Она приняла душ, отметив название фирмы-изготовителя: «Кэрой. Париж», завернулась в полотенце и легла на кровать, с наслаждением затягиваясь сигаретой. Вечером ей предстоит обедать, возможно, с новым возлюбленным. Что она наденет? Насчет косметики все ясно — Натали никогда ею не пользовалась, разве что на работе: возни много, толку — чуть. Платье? Нет. Костюм? Вот этот элегантный чесучовый… Нет — Капитан просто подумает, что она поддела пояс. Ага, серые брюки! Они всегда смешили Натали — нет ничего забавнее, чем когда каждый дюйм твоего тела прикрыт отлично скроенными, плотно обтягивающими брюками. И потом, в отличие от большинства женщин, она не боялась в них садиться.
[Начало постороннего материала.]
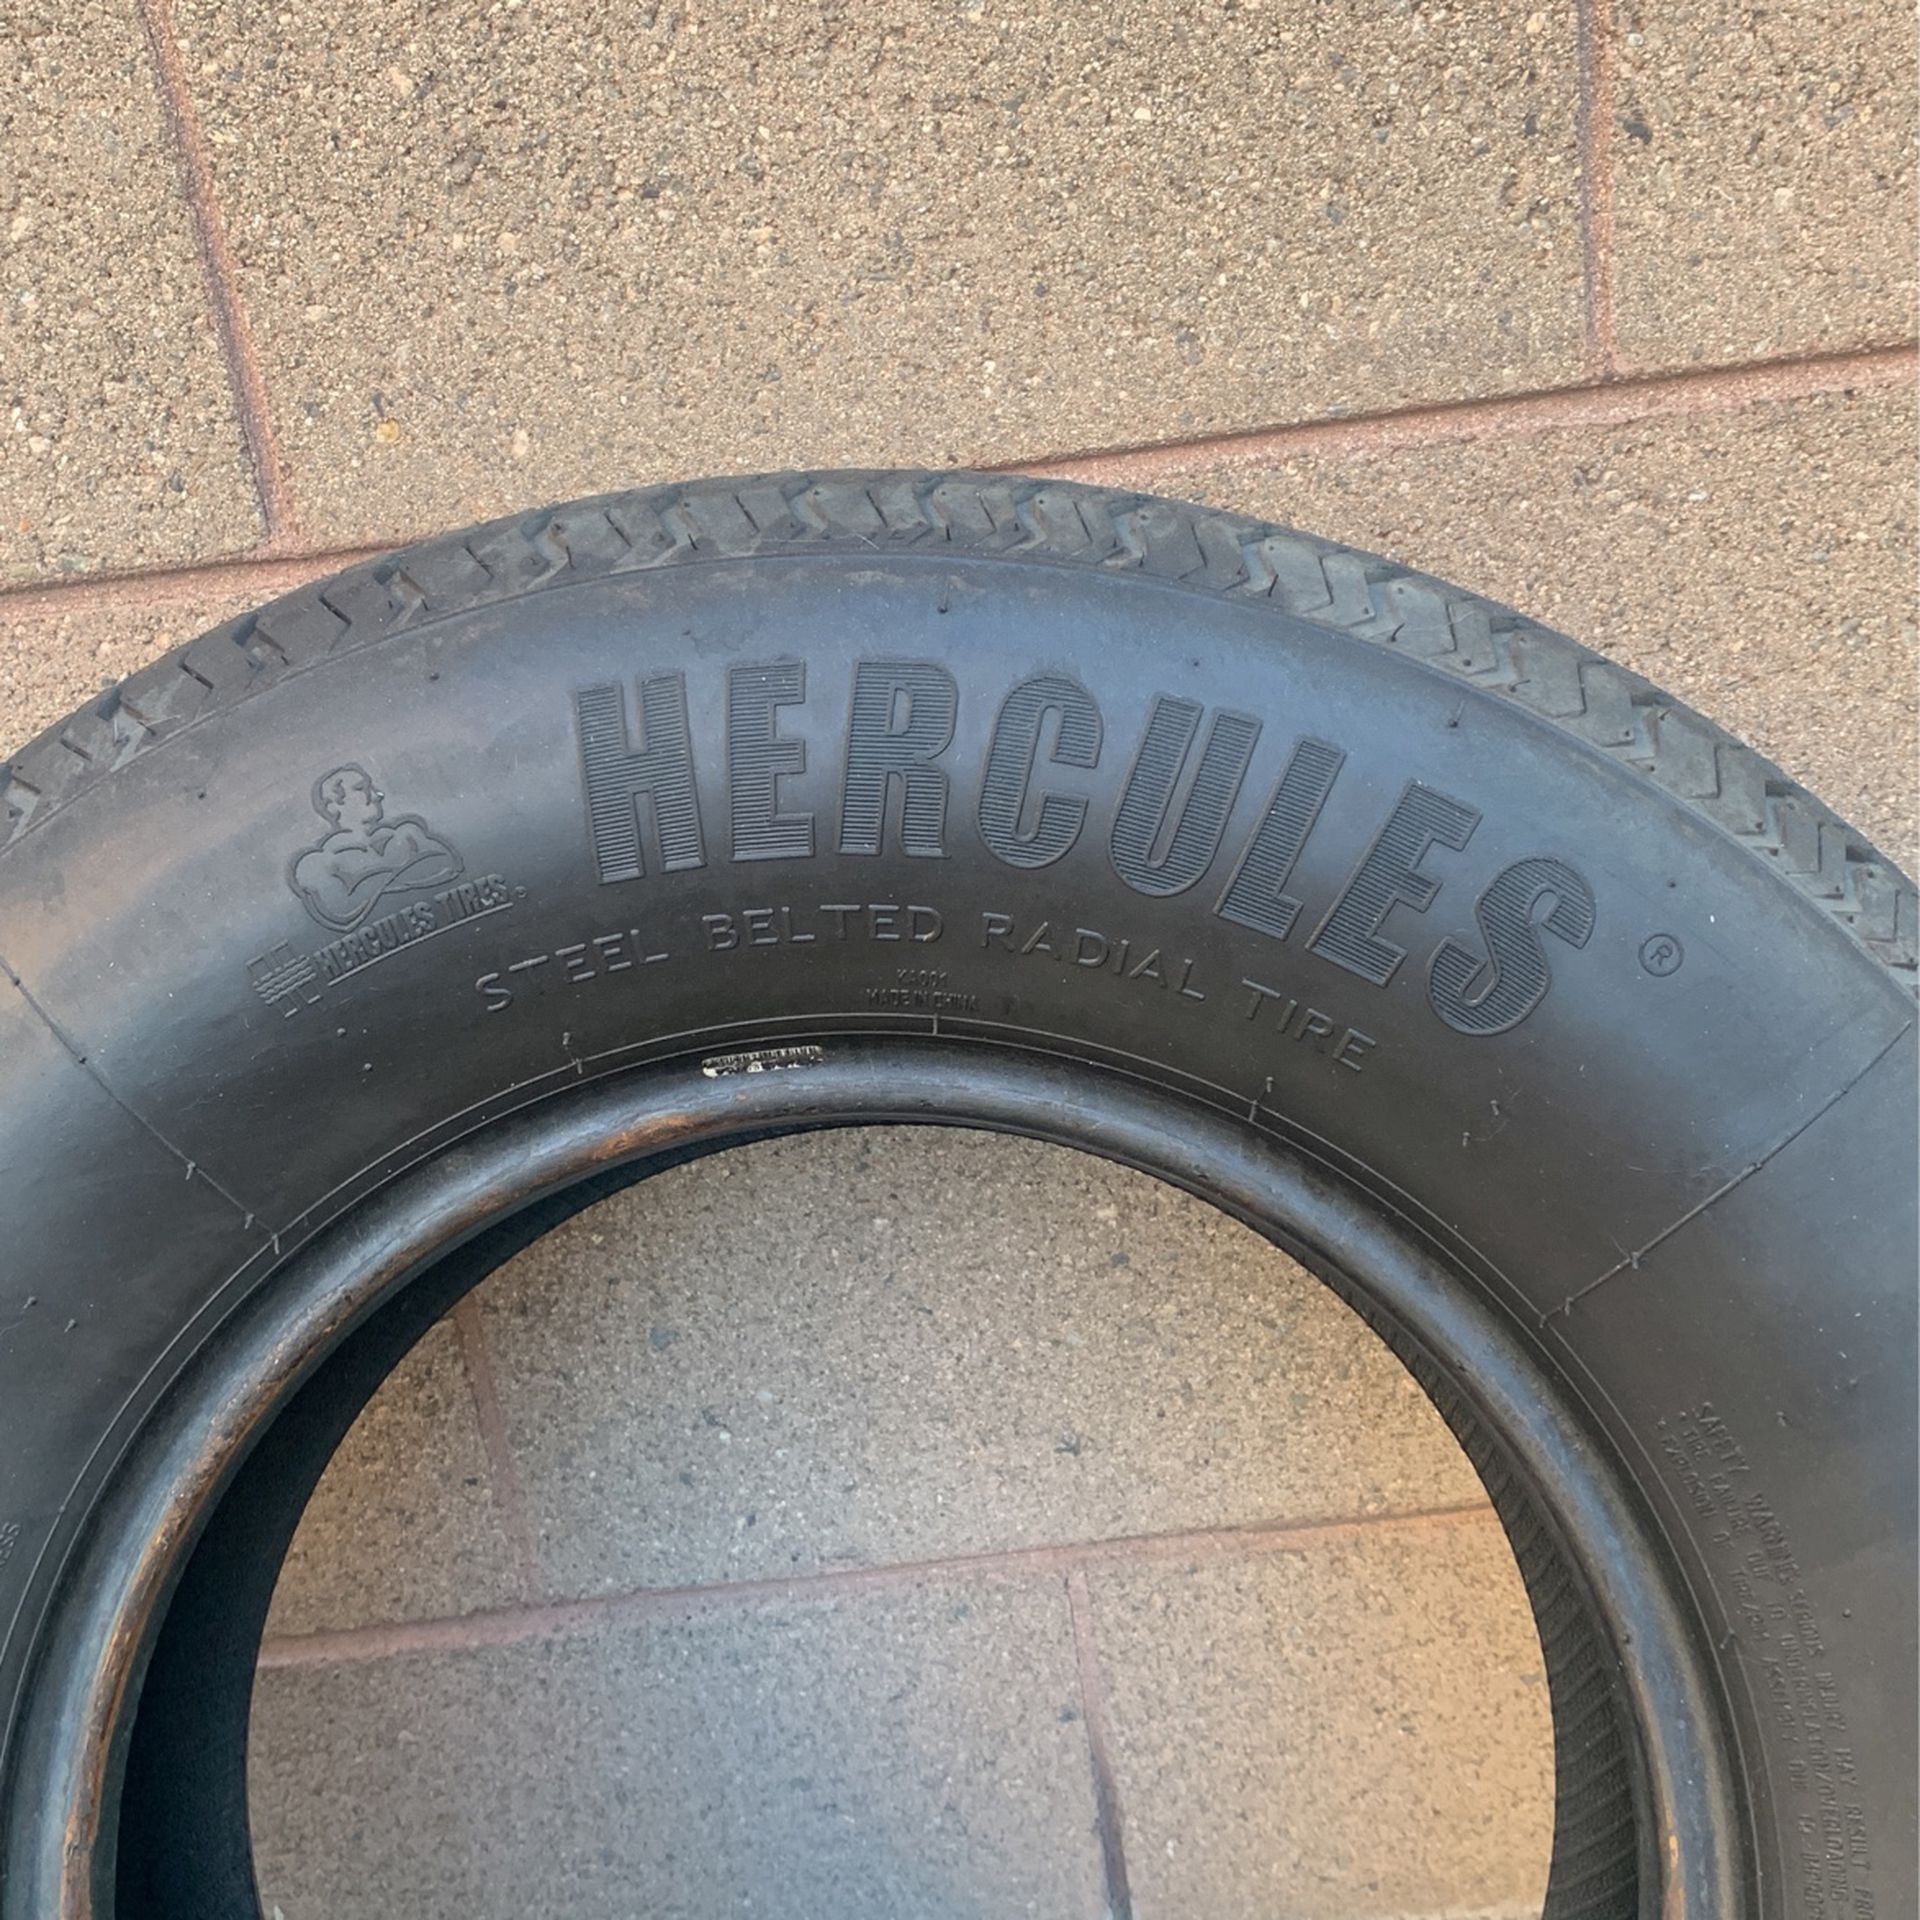 Hercules Trailer Tires / 2 Tires For $50 Size 225/75/15

Натали и не догадывалась, что на обед ей не без лукавства продали лангуста, пойманного Раймондом.
Актрису порадовало, что он не почел за труд приодеться. Она не испытывала особых симпатий к мужчинам, которые вечно ходят нараспашку и нечесаными только потому, что они на юге Франции. Как-никак, она — парижанка, а портовые бродяги хороши в гавани, но не за обедом. Раймонду было предложено испытание, и он прошел его с блеском. Он вообще не любил выглядеть оборванцем, всегда покупал хорошую одежду, следил за ней и при всей своей бедности никого бы не опозорил. Капитан надел пепельно-серый полотняный костюм, не первой молодости, но превосходно сшитый, и дорогую, выглаженную на берегу рубашку. И от него исходил запах чистоты и свежести, пусть не такой роскошный, как от корсиканца.
Натали мысленно все это одобрила и немало позабавилась, наблюдая, какие удивленные взгляды бросают на Раймонда островитяне. Только мадам, крепкая широкобедрая блондинка с умными глазами и поистине выдающимся подбородком, животом и характером, зыркнула так пронзительно, что Капитан смутился. Но хозяйка «Ковчега» уже наливала кому-то виски, выпятив губы от избытка сосредоточенности.
— Что вы пьете? — промурлыкала Натали. — Два, пожалуйста, мадам.
Бокалы тихонько соприкоснулись. Очень живые и выразительные черные глаза актрисы спокойно встретили оценивающий взгляд дымчато-серых глаз Раймонда. По телевизору, стоявшему за стойкой, шумно комментировали матч по регби. Мадам приглушила звук. Чуть поодаль четверо мужчин в домашних шлепанцах играли в белот[12].
— Чем я могу отблагодарить вас? — осведомился Капитан. — Вам нравятся морские прогулки? О, я имею в виду очень спокойные прогулки, не требующие никаких усилий. Мы тихоходны, зато преисполнены достоинства и тем сильны.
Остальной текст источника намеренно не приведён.